Adam Institoris, Milène Vandal, Govind Peringod, Christy Catalano, Cam Ha Tran, Xinzhu Yu, Frank Visser, Cheryl Breiteneder, Leonardo Molina, Baljit S. Khakh, Minh Dang Nguyen, Roger J. Thompson, Grant R. Gordon

Research output: Contribution to journalArticlepeer-review

Abstract

Functional hyperemia occurs when enhanced neuronal activity signals to increase local cerebral blood flow (CBF) to satisfy regional energy demand. Ca2+ elevation in astrocytes can drive arteriole dilation to increase CBF, yet affirmative evidence for the necessity of astrocytes in functional hyperemia in vivo is lacking. In awake mice, we discovered that functional hyperemia is bimodal with a distinct early and late component whereby arteriole dilation progresses as sensory stimulation is sustained.

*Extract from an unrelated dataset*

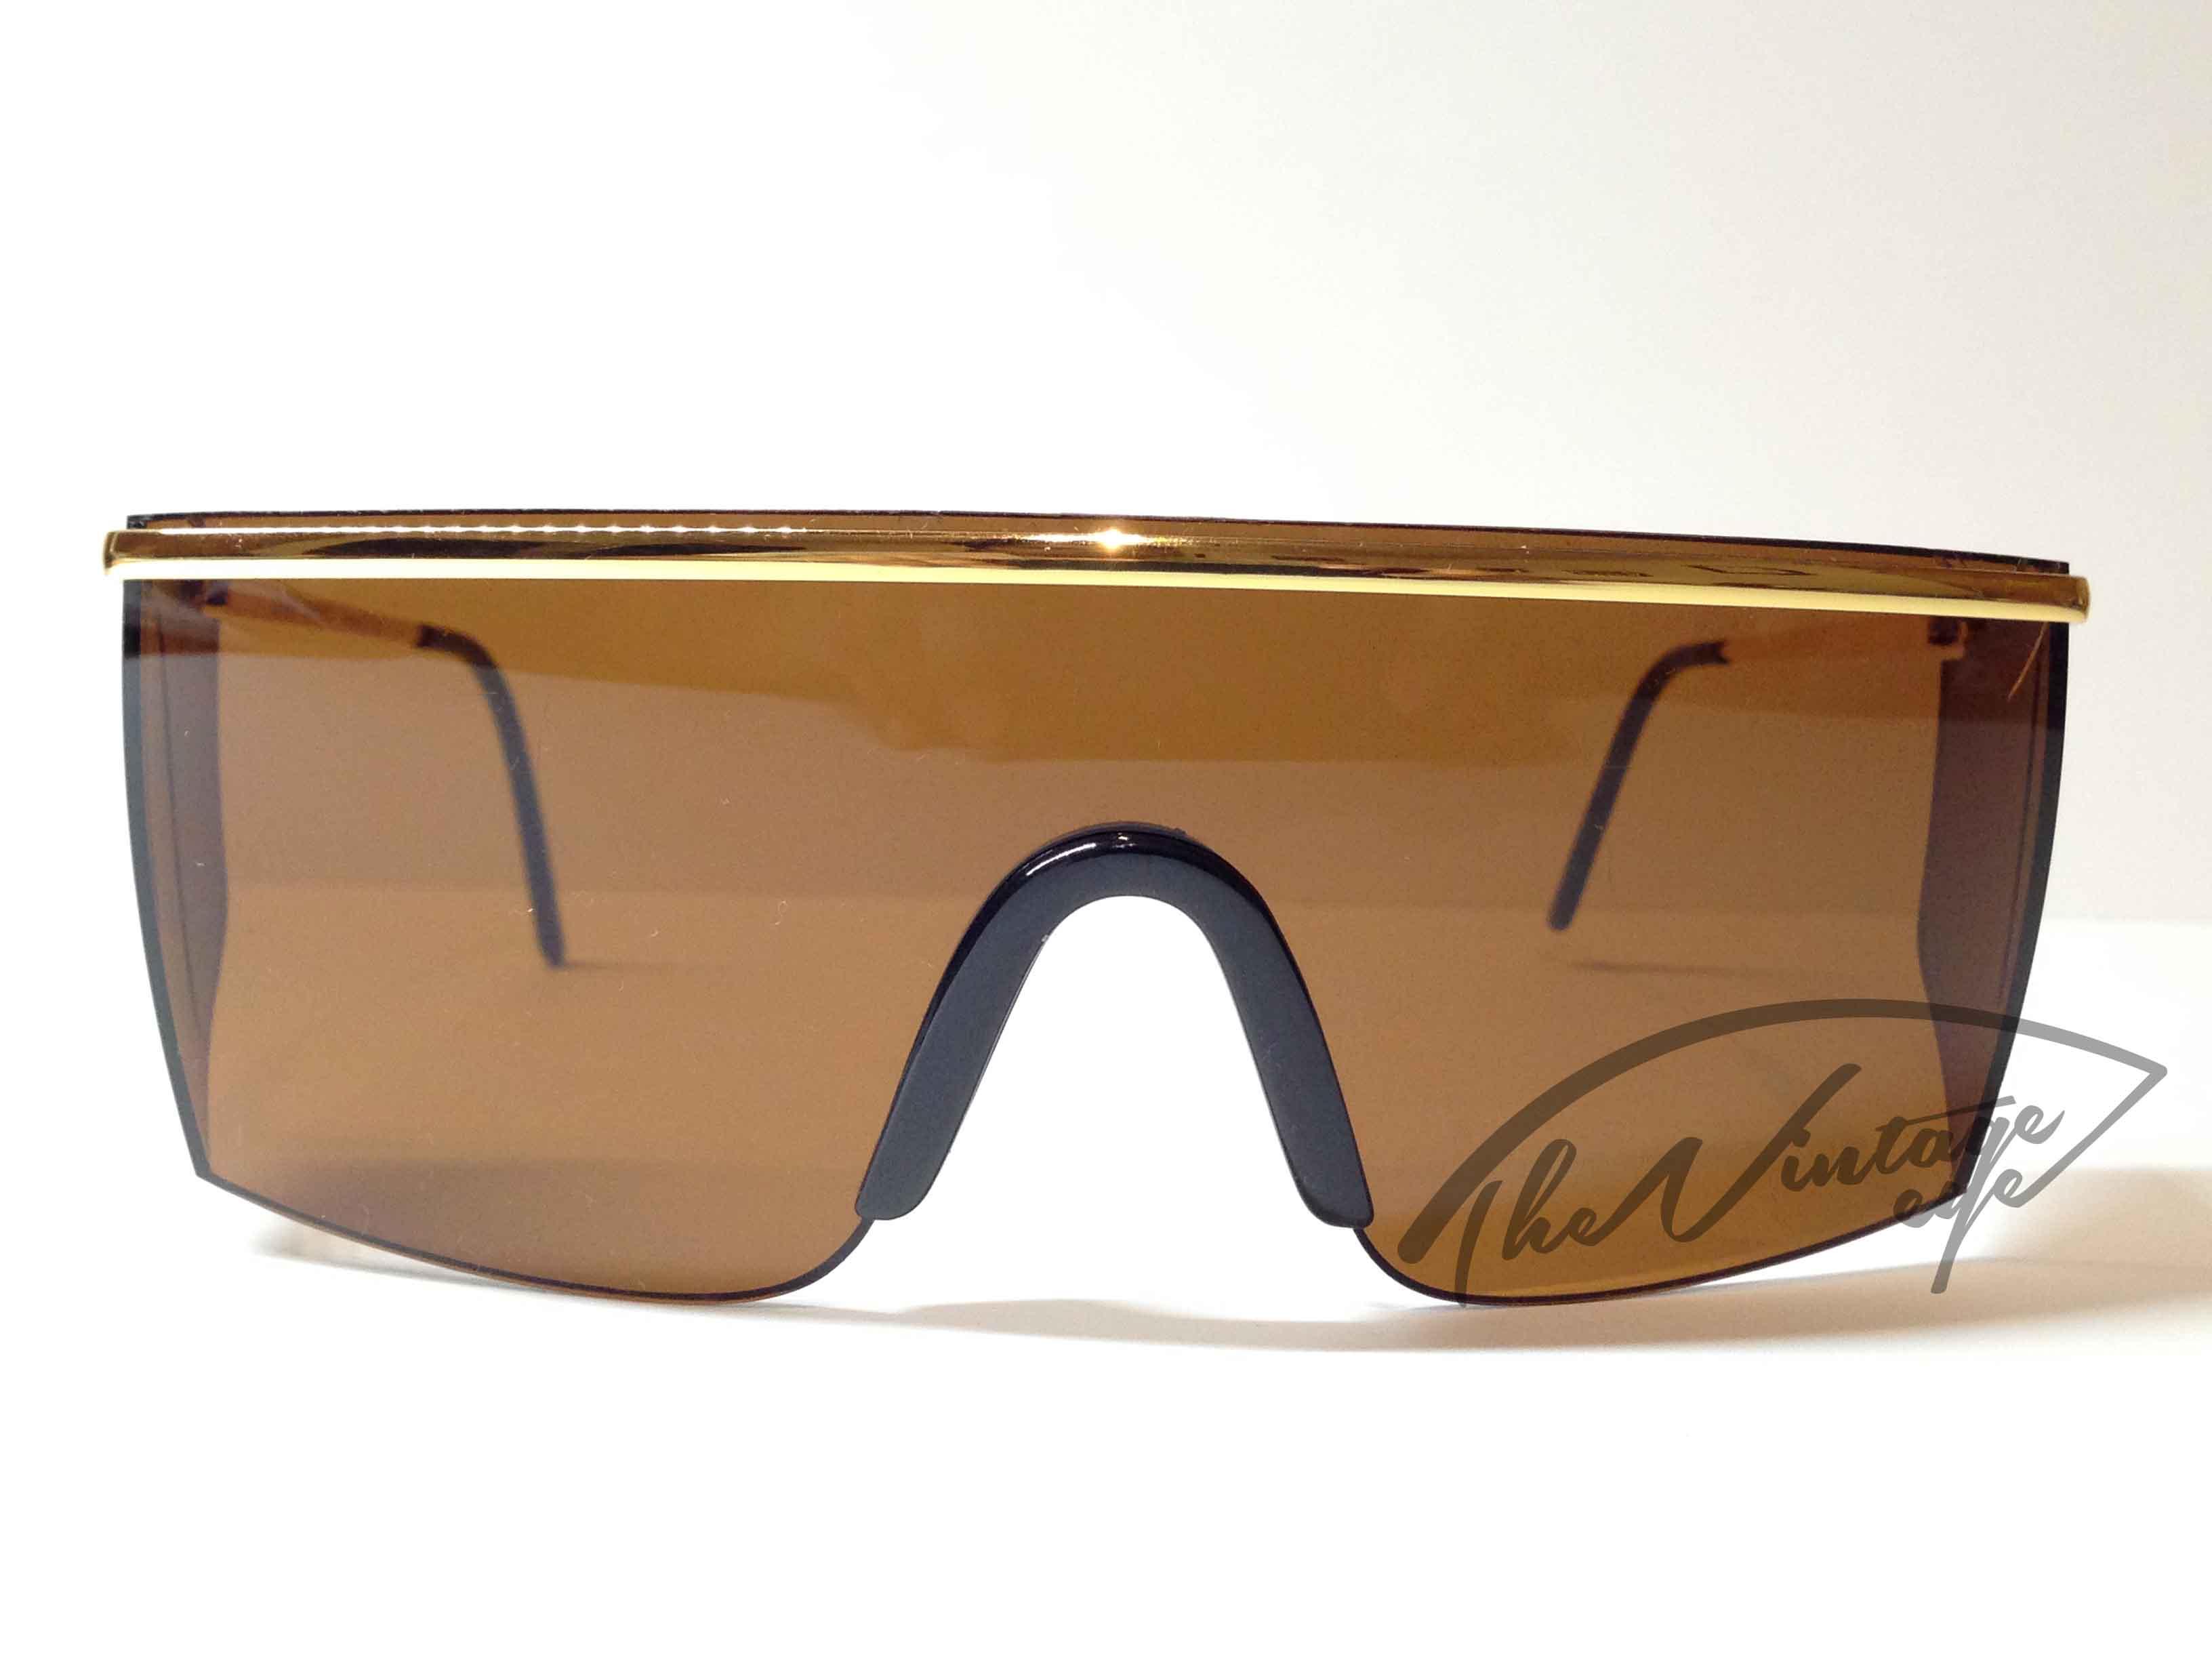 09ce23cde1 Gianni Versace 790 - The Vintage Eye
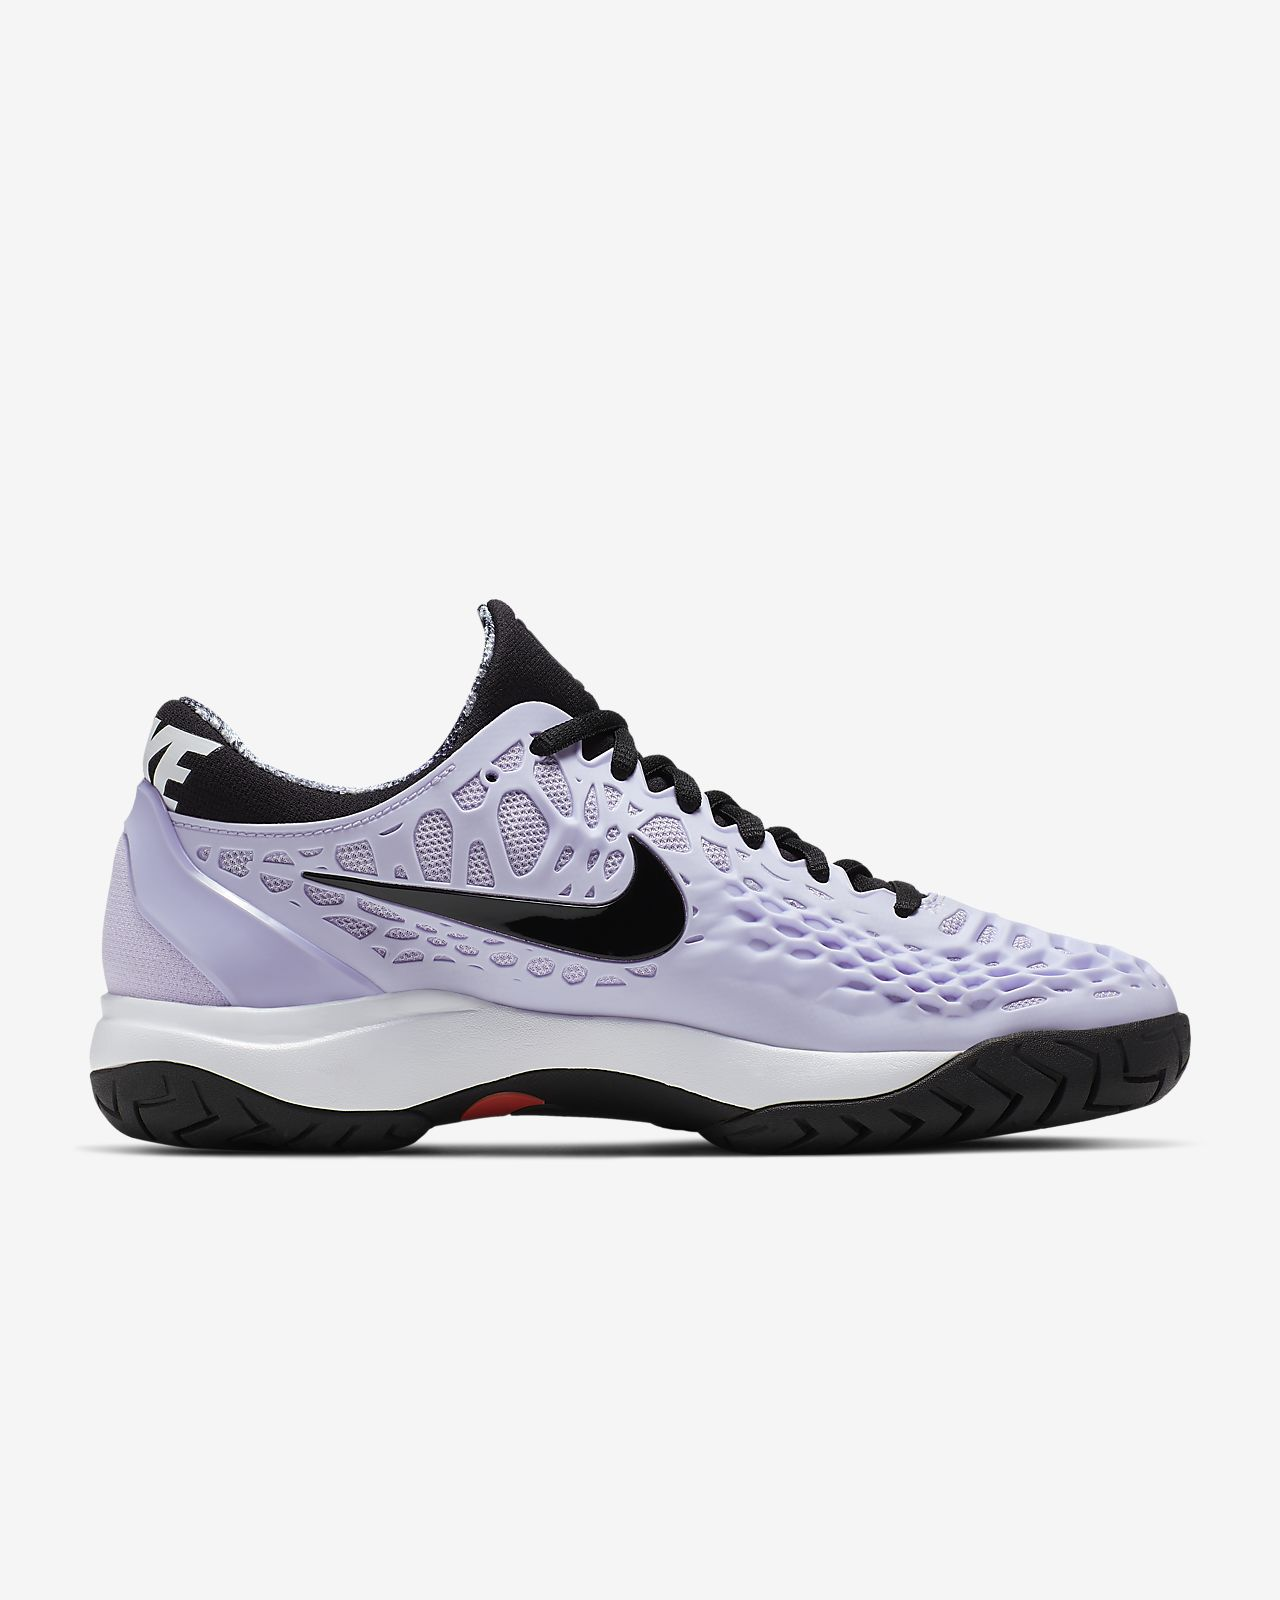 387253313979 NikeCourt Zoom Cage 3 Women's Hard Court Tennis Shoe. Nike.com AU

Clamping astrocyte Ca2+ signaling in vivo by expressing a plasma membrane Ca2+ ATPase (CalEx) reduces sustained but not brief sensory-evoked arteriole dilation. Elevating astrocyte free Ca2+ using chemogenetics selectively augments sustained hyperemia. Antagonizing NMDA-receptors or epoxyeicosatrienoic acid production reduces only the late component of functional hyperemia, leaving brief increases in CBF to sensory stimulation intact. We propose that a fundamental role of astrocyte Ca2+ is to amplify functional hyperemia when neuronal activation is prolonged.

Original languageEnglish (US)
Article number7872
JournalNature communications
Volume13
Issue number1
DOIs
StatePublished - Dec 2022

ASJC Scopus subject areas

  • Physics and Astronomy(all)
  • Chemistry(all)
  • Biochemistry, Genetics and Molecular Biology(all)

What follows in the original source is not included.